Second, both projects are effectively single-author. gstack is ~97% Garry Tan on the default branch with ten community contributors at exactly one squashed commit each. Loki Mode is ~98% one person (asklokesh / Lokesh Mure are the same author) with exactly two external human commits. Bus factor of one, on both sides. If you are betting your workflow on either, you are betting on one maintainer.
What each one actually is
gstack: a virtual engineering team as slash commands
gstack ("Garry's Stack") is a bundle of about 54 Markdown "skills" (slash commands) that give a Claude Code agent specialist personas, plus a genuinely substantial headless browser CLI for QA. The core unit is the SKILL.md file: a prompt template that turns the agent into a CEO reviewer, an eng manager, a designer who hunts AI slop, a security officer running OWASP and STRIDE, a QA lead who opens a real browser, or a release engineer who ships the PR.

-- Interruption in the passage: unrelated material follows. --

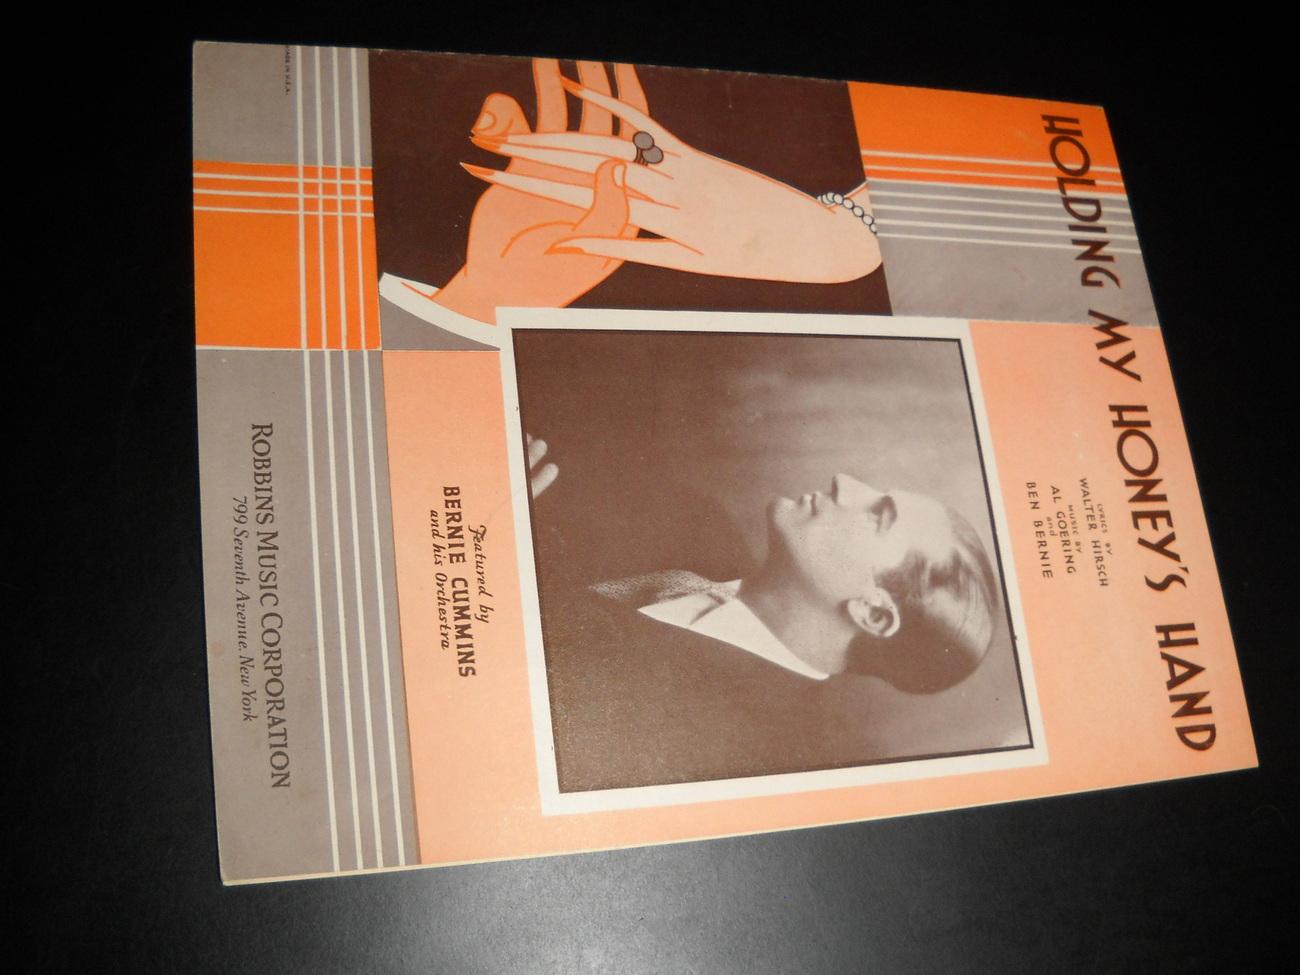 Sheet_music_holding_my_honey_s_hand_bernie_cummins_1932_mgm_robbins_01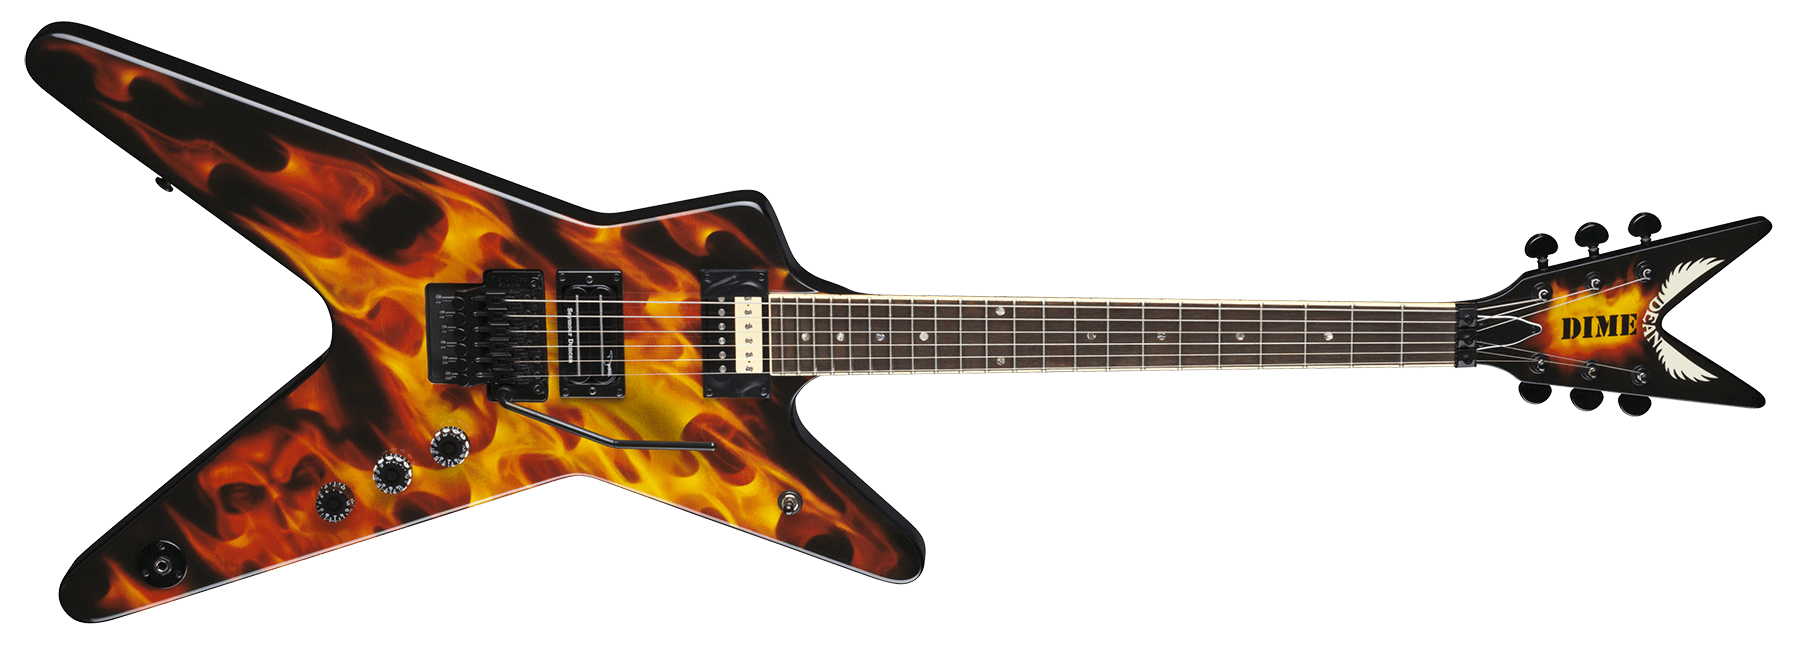 Black Dot Wallpaper Dimebag Dime O Flame Ml Dean Guitars

It is human-in-the-loop by design and by stated philosophy. The workflow is a sprint (Think, Plan, Build, Review, Test, Ship, Reflect), and each skill writes artifacts the next one reads. The README is blunt about the positioning: "Eight commands, end to end. That is not a copilot. That is a team." Skills pause for your input at decision points. The agent does not run off and build the whole thing while you sleep.
The browser is the part people underrate. browse/ is a real Playwright-based headless browser compiled to a single Bun binary, roughly 24,000 lines of source exposing 76 commands (navigate, click, fill, extract text/html/forms/accessibility, screenshot, inspect console/network/perf, drive tabs, bridge to CDP). It runs as a daemon with a layered prompt-injection defense (datamarking, an ONNX classifier, a Haiku transcript check, canary tokens). This is not a prompt pack pretending to browse. It is a working automation engine.
Target users, per the README: founders and CEOs who still ship, first-time Claude Code users who want structure over a blank prompt, and tech leads who want review/QA/release rigor on every PR.
Loki Mode: autonomous spec-to-product
Loki Mode is an autonomous build system. You hand it a spec (a PRD, a GitHub or Jira issue, an OpenAPI/JSON/YAML file, or a one-line brief, auto-detected), and it drives a coding-agent CLI through repeated autonomous cycles until automated verification passes, emitting a Git repo with source, tests, configs, and audit logs.
The core abstraction is the RARV-C closure loop: Reason, Act, Reflect, Verify, Close. It is implemented in autonomy/run.sh, a 13,322-line bash orchestrator (the CLI dispatcher autonomy/loki is another 24,523 lines). The loop rotates model tiers per phase: a planning tier for Reason, a dev tier for Act and Reflect, a fast tier for Verify. The pitch is "describe what you want, walk away, come back to working code with tests."
Several of the headline claims hold up when you read the code:
- 41 agent types across 8 swarms is real.
agents/types.jsonis a 41-element array (Engineering 8, Operations 8, Business 8, Data 3, Product 3, Growth 4, Review 3, Orchestration 4). - Blind 3-reviewer code review and anti-sycophancy are code-enforced, not just prompt text.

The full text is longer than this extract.